The single entry point for a complete monthly or quarterly monitoring run.

from insurance_monitoring import MonitoringReport

report = MonitoringReport(
    reference_actual=train_claims,
    reference_predicted=train_predicted,
    current_actual=current_claims,
    current_predicted=current_predicted,
    exposure=current_exposure,
    feature_df_reference=train_features,    # pl.DataFrame
    feature_df_current=current_features,    # pl.DataFrame
    features=["driver_age", "vehicle_age", "ncd_years"],
    murphy_distribution="poisson",          # Murphy decomposition — always available
    gini_bootstrap=True,                    # percentile CI on Gini (v0.6.0)
)
print(report.recommendation)   # 'NO_ACTION' | 'RECALIBRATE' | 'REFIT' | 'INVESTIGATE'
print(report.to_dict())        # nested dict — JSON serialisable, log to MLflow
print(report.to_polars())      # flat DataFrame — write to Delta table

Recommendation logic follows the three-stage decision tree from arXiv 2510.04556:

• Gini OK + A/E OK → NO_ACTION
• A/E bad only → RECALIBRATE (update intercept)
• Gini bad → REFIT (rebuild on recent data)
• Murphy decomposition present: overrides the heuristic when miscalibration vs discrimination are unambiguous

drift — PSI, CSI, KS, Wasserstein

from insurance_monitoring.drift import psi, csi, ks_test, wasserstein_distance
import polars as pl

# PSI on a single feature — exposure-weighted
drift_val = psi(
    reference=driver_age_train,
    current=driver_age_now,
    n_bins=10,
    exposure_weights=exposure_now,    # car-years, not policy count
    reference_exposure=exposure_train,
)
print(f"PSI: {drift_val:.3f}")   # < 0.10 green | 0.10–0.25 amber | > 0.25 red

# CSI heatmap across all rating factors — returns pl.DataFrame with band column
csi_df = csi(
    reference_df=train_df,
    current_df=current_df,
    features=["driver_age", "vehicle_age", "ncd_years", "vehicle_group"],
)
print(csi_df)  # feature | csi | band

Use PSI/CSI for operational dashboards. Use ks_test for formal hypothesis testing at quarter-end (note: over-sensitive at n > 500k). Use wasserstein_distance when communicating to non-technical stakeholders — it reports drift in original feature units.

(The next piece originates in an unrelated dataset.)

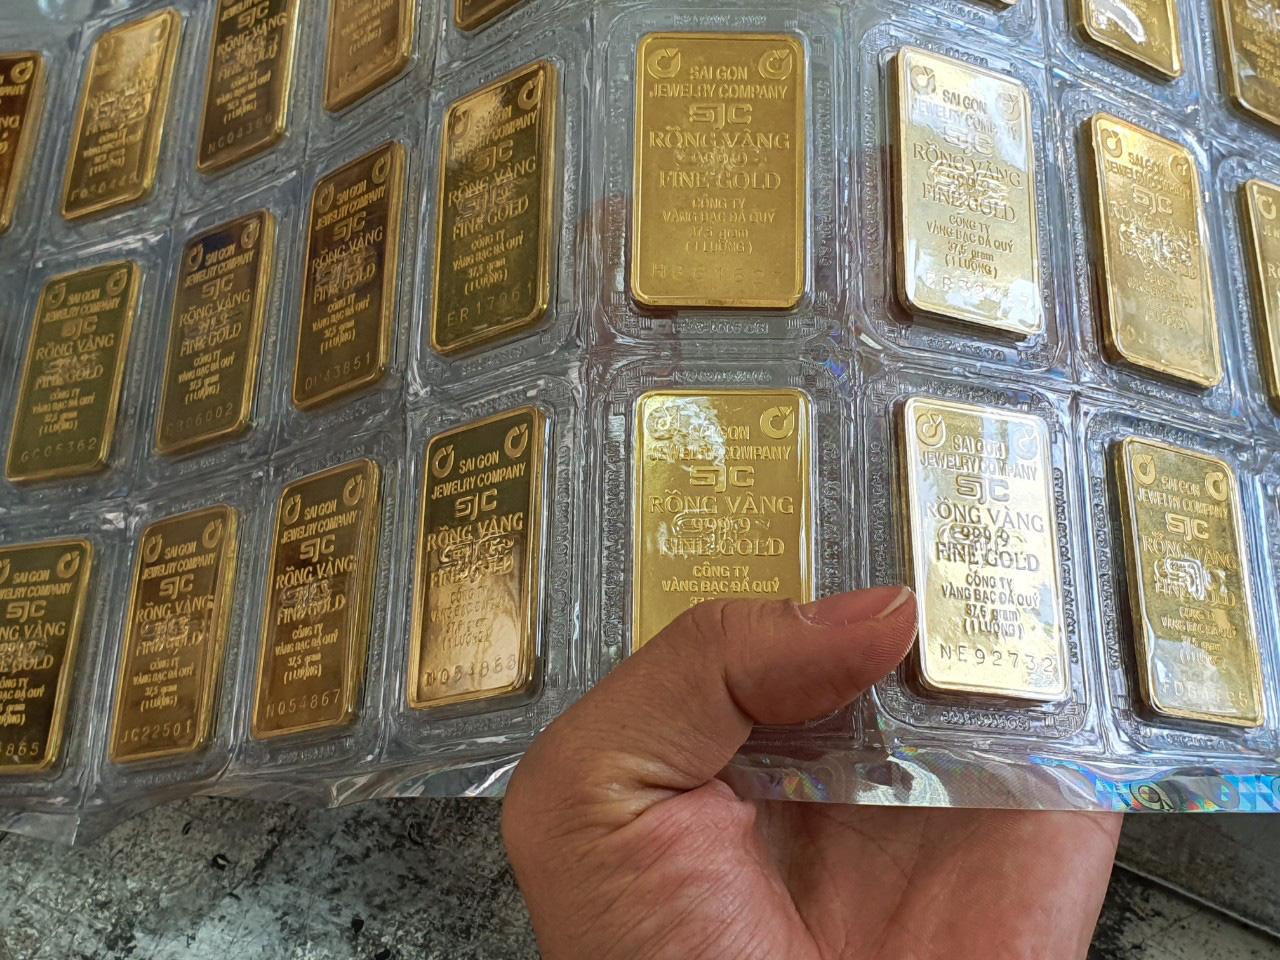 Giá vàng hôm nay 22/9: Vàng SJC tăng 300.000 đồng/lượng - Ảnh 1.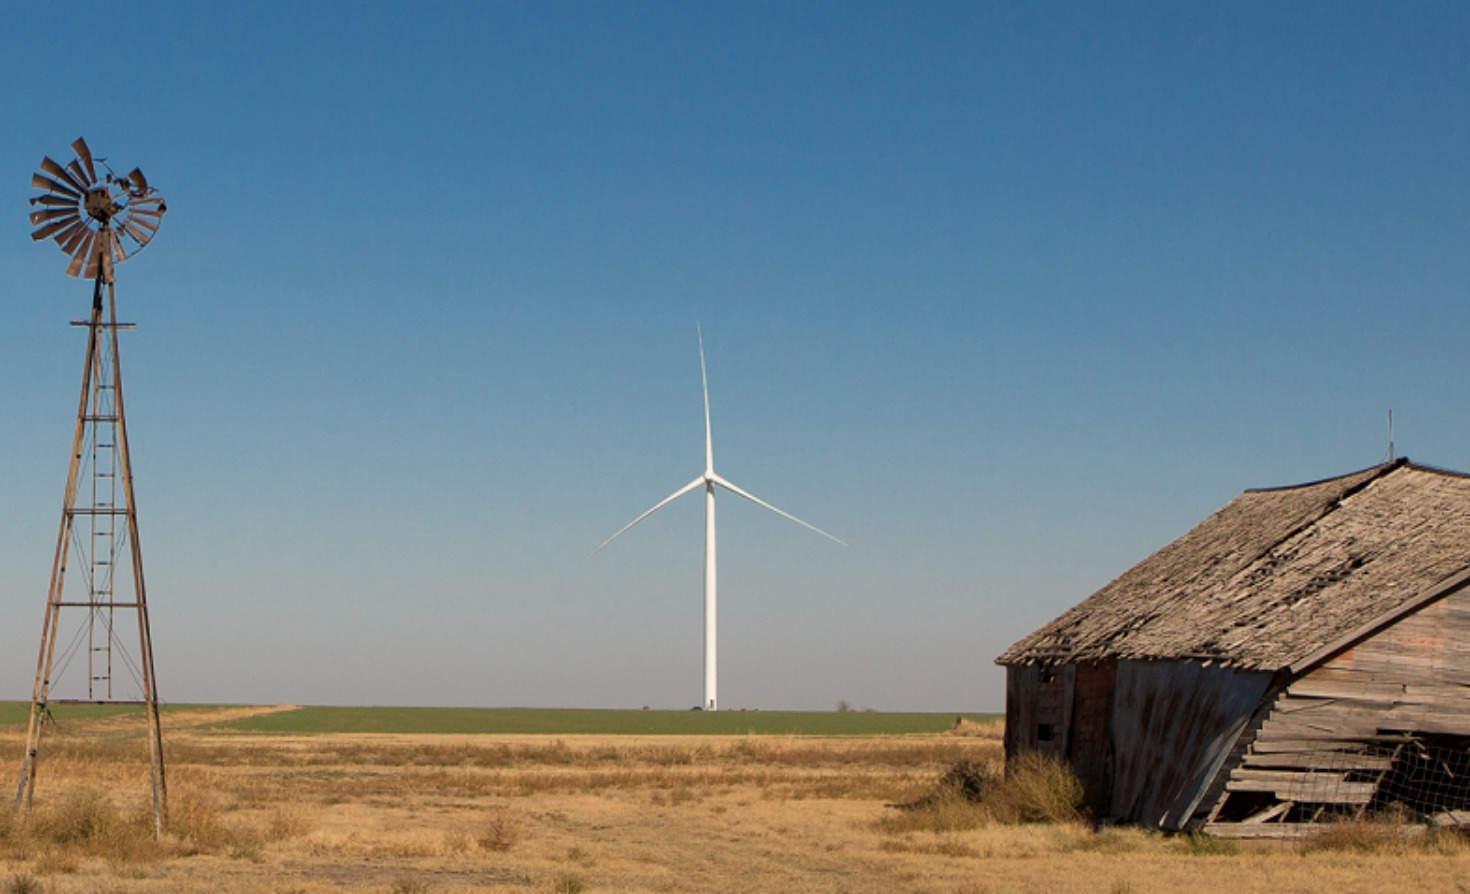 Cowboy wind farm

calibration — A/E, balance, Murphy, rectification

from insurance_monitoring import (
    ae_ratio, ae_ratio_ci,
    check_balance, check_auto_calibration,
    murphy_decomposition,
    rectify_balance, isotonic_recalibrate,
    CalibrationChecker,
)

# A/E ratio with Wilson CI
result = ae_ratio_ci(actual, predicted, exposure=exposure)
print(f"A/E = {result['ae']:.3f}  95% CI [{result['lower']:.3f}, {result['upper']:.3f}]")

# Murphy decomposition — distinguishes miscalibration from discrimination loss
murphy = murphy_decomposition(y=actual, y_hat=predicted, exposure=exposure, distribution="poisson")
print(f"DSC (discrimination score): {murphy.discrimination:.4f}")
print(f"MCB (miscalibration):       {murphy.miscalibration:.4f}")
print(f"Verdict: {murphy.verdict}")   # 'RECALIBRATE' or 'REFIT'

# Full calibration audit in one call
checker = CalibrationChecker(distribution="poisson")
report = checker.check(actual, predicted, exposure=exposure)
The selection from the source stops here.